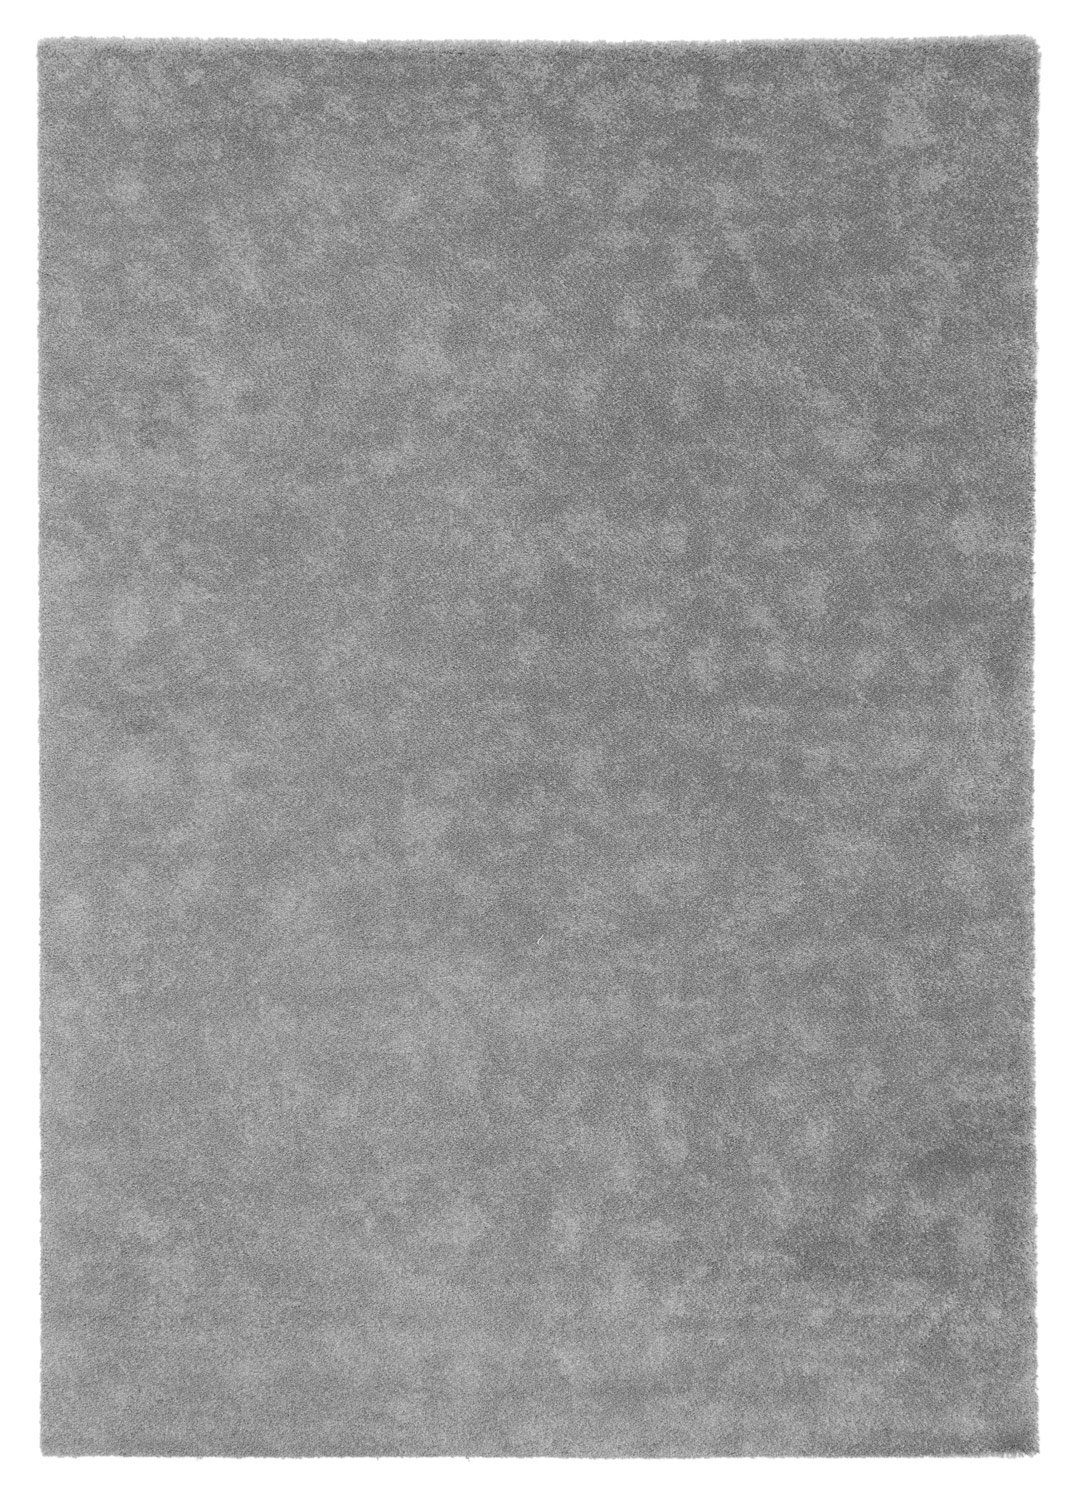 Teppich MOON, Polypropylen, Grau, 160 x 230 cm, Unifarben, Balta Rugs, rechteckig, Höhe: 17 mm
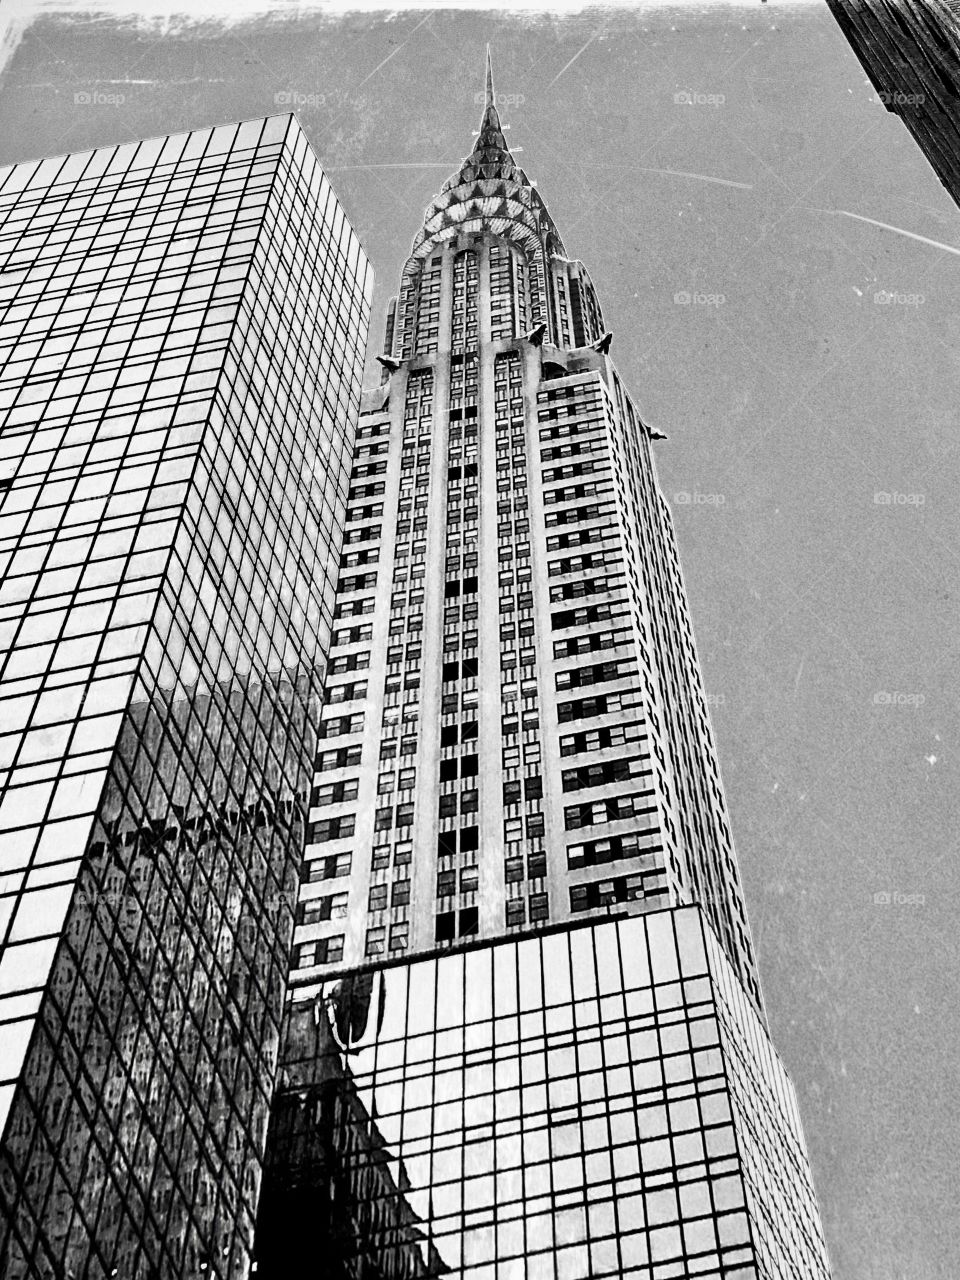 Chrysler building in New York City 
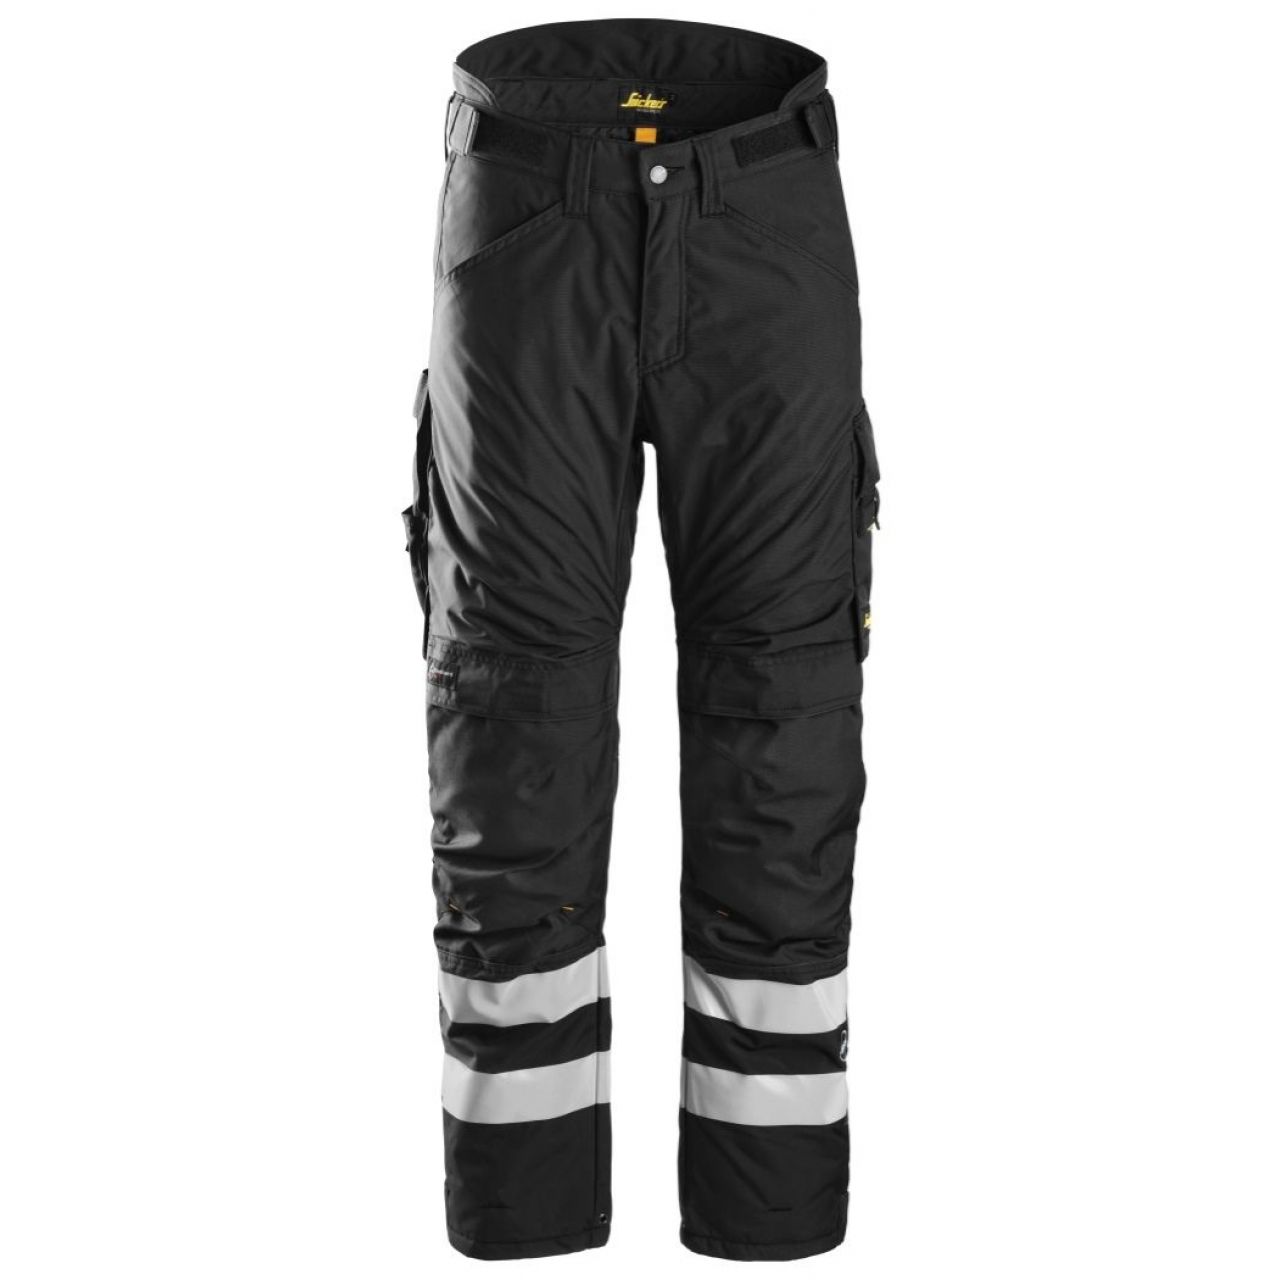 Pantalon aislante AllroundWork 37.5® negro talla S corto

Task instructions — The whole of the data above needs retyping exactly, with pictures omitted.

Solved problem —
 Teppich MOON, Polypropylen, Grau, 160 x 230 cm, Unifarben, Balta Rugs, rechteckig, Höhe: 17 mm
 Chrysler building in New York City 
 Pantalon aislante AllroundWork 37.5® negro talla S corto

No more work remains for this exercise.